Been disappointed in Albo’s lot. Like LNP lite. No principled stand or demonstration of same against coal and gas. Just heard of approval for some private squillion dollar gas project.
No they are very different, as Labor does not have the privilege of being platformed by our right wing pro fossil fuel and ‘libertarian’ media 24/7/365 but is constantly denigrated while precluding neutral presentation of policy initiatives; while the anodyne ABC gives passive support and promotion of right wing media themes.
Any carbon tax would be inflicted on every ordinary Australian, Tony Abbott then Peter Dutton warned. It is nonsense of course, taxing carbon instead of people benefits everybody except the biggest emitters. However government could speak to the tax sensitivity of the public by rebating all carbon taxes to all taxpayers.

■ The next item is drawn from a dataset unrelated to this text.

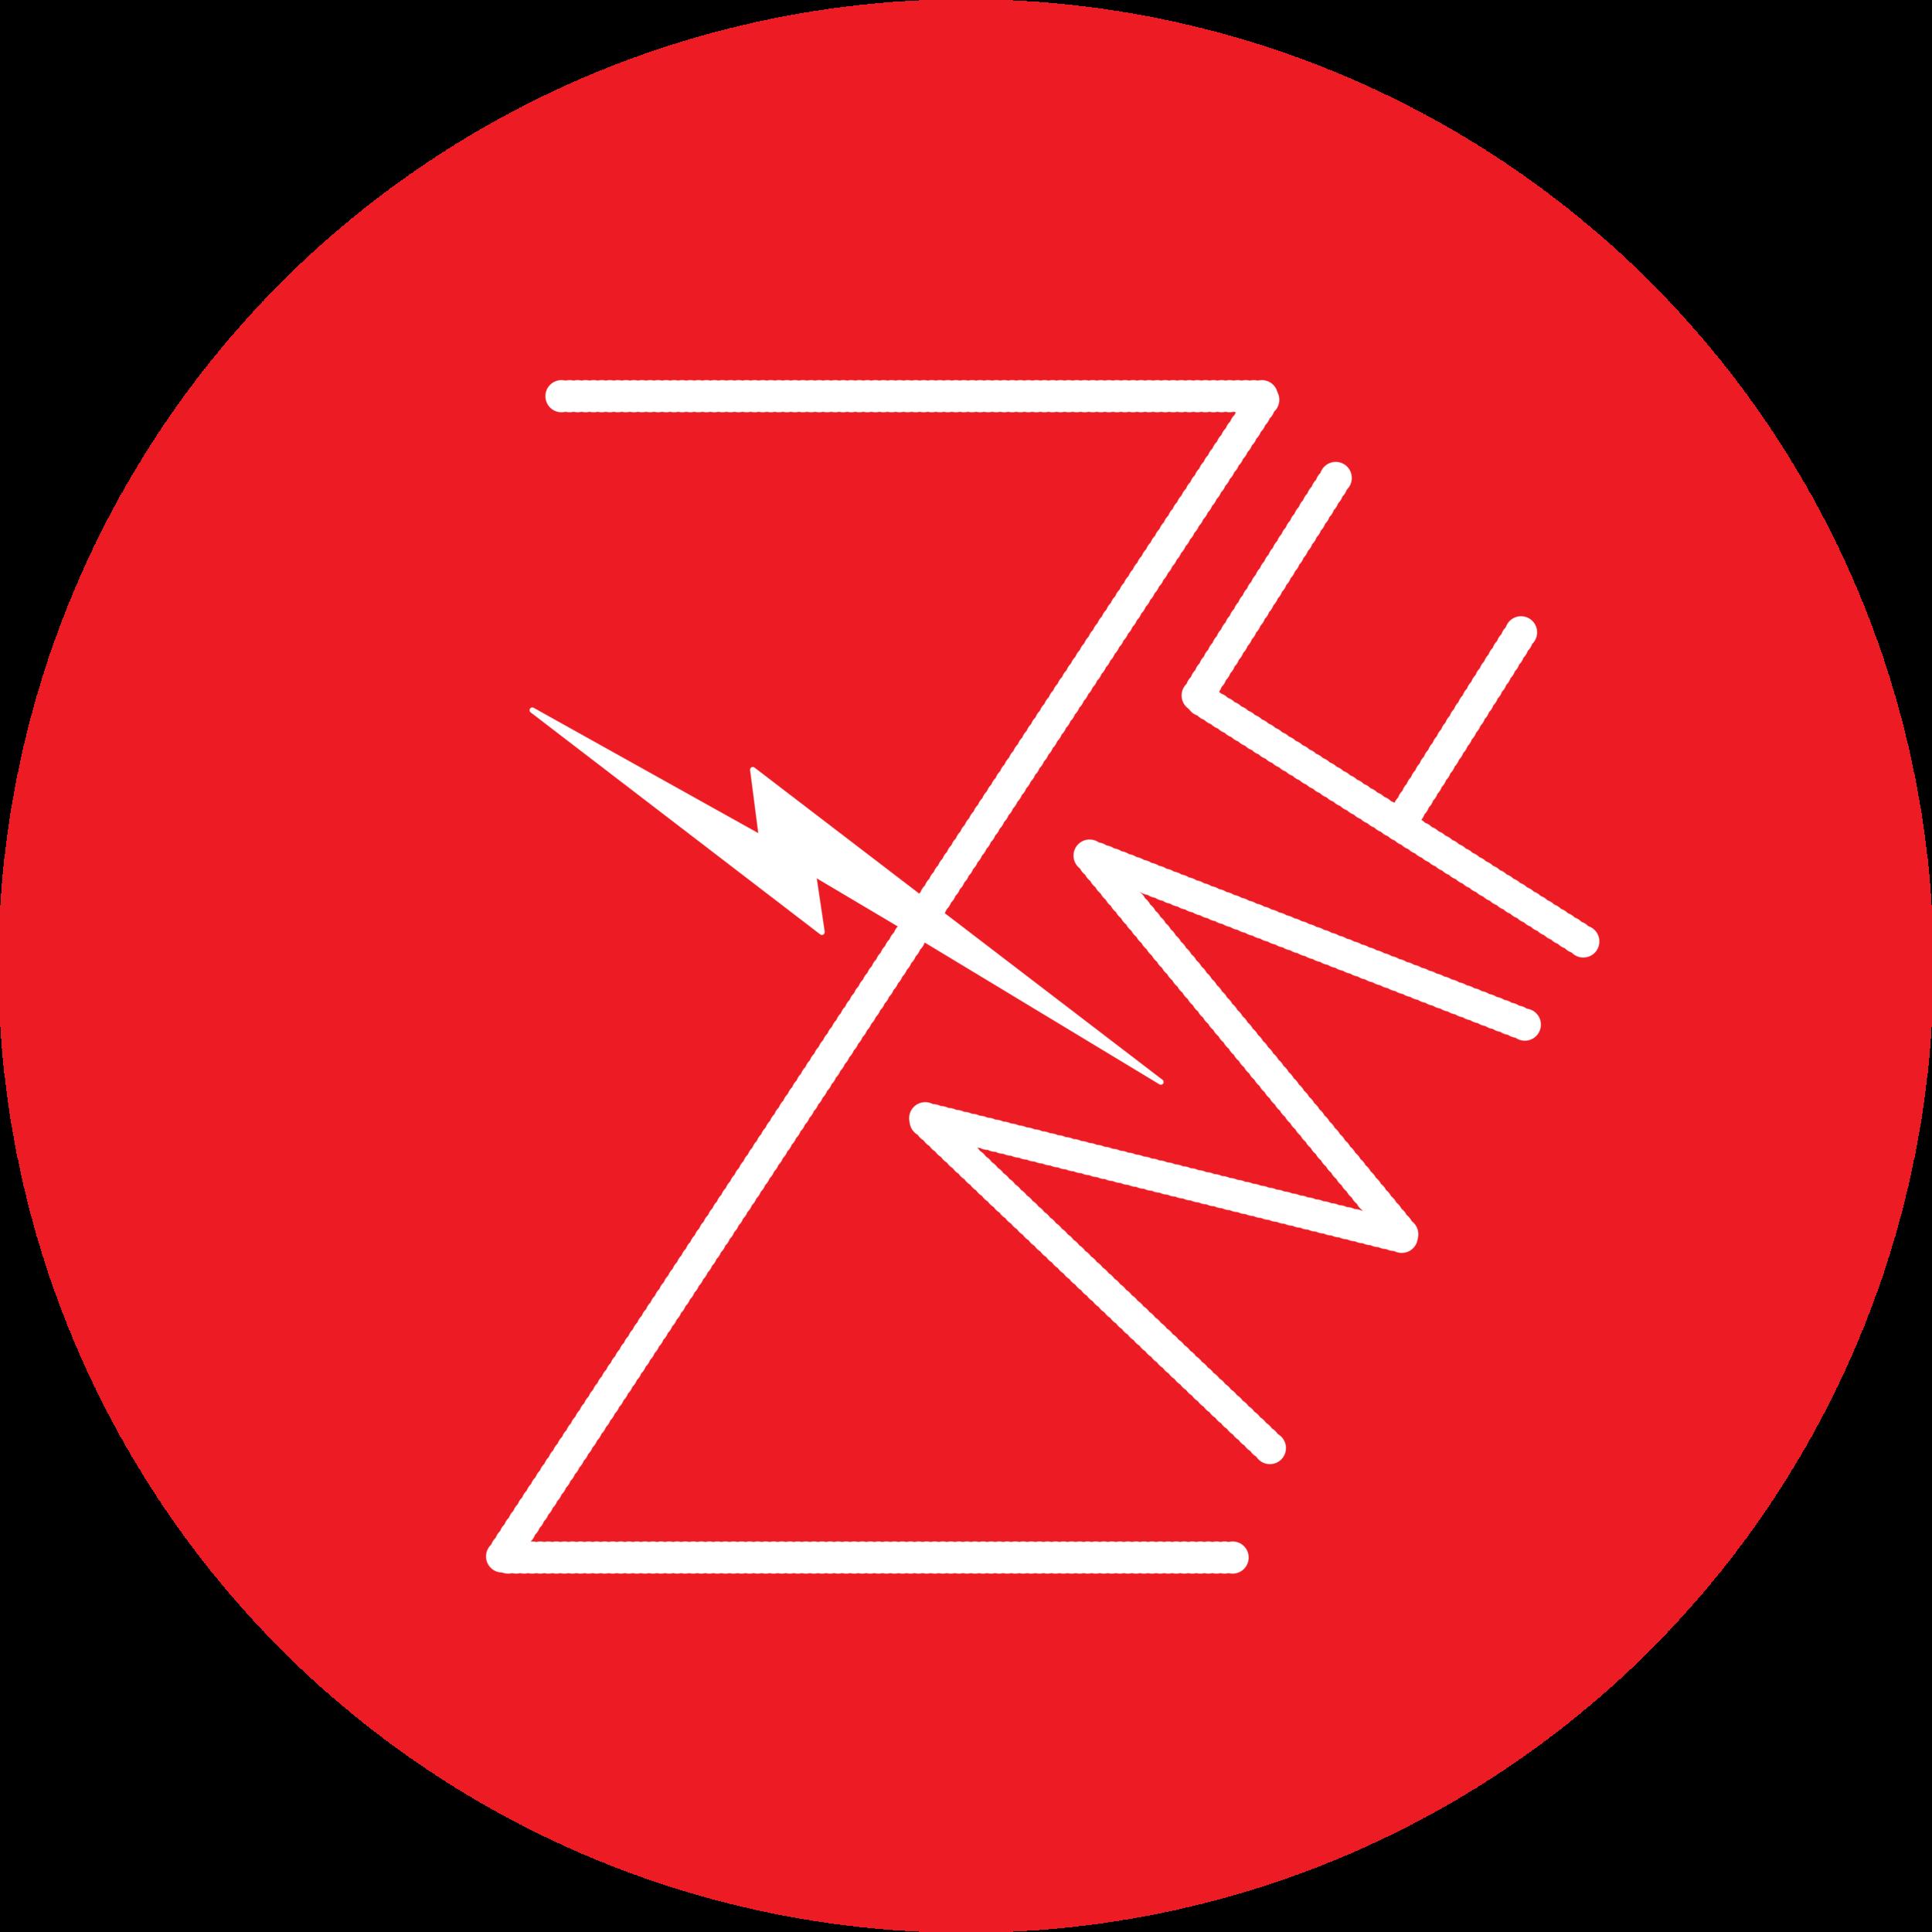 ZMF_Headphones (1).png

The carbon tax rebates in Canada have proved very popular, so their carbon tax will stay.
Get on with it
Tony Tax talk show ended and ain’t for restarting
Malcolm tried a pivot
Scotty crafted a campaign of crap that the nats taxed all of us on with billions for bunk
The LNP don’t have a pathway to run back to. The teals tore it up
Get it done
Back in the 1970s areas such as western Sydney had air badly polluted from industry. Governments of the day stepped up courageously and forced companies to cut pollution by filtering chimneys and also reducing water pollution. Car exhausts were filtered and new forms of petrol were required. Predictably every step raised a chorus of heckles from polluters.
It was the same with car seat belts. Today we all benefit from clear air and children don’t routinely fly through windscreens at accidents.
The whole idea of carbon credits is a fraud no better than letting belching trucks buy credits from cyclists. The urgent need is to lower carbon emissions not offset them with accounting chicanery.
Carbon offsets and CCS are both patently scams designed by fossil fuel companies to pull the wool over everyones eyes. And our pollies are happy to go along with it as long as they “get looked after”. I am reminded of a carbon capture scheme at Henbury Station in the NT in 2010. The idea was that the station would destock and let the grass and trees grow. Thats a lot of carbon taken out of the atmosphere, right? The idea was that companies would then pay to get these credits to offset emissions. 2010 was a wet year and grass grew like Topsy. The problem was that 2011 was a dry year and, once the grass dried out, the whole lot went up in smoke. Bushfires everywhere. Not much carbon left on the ground after that. You gotta laugh.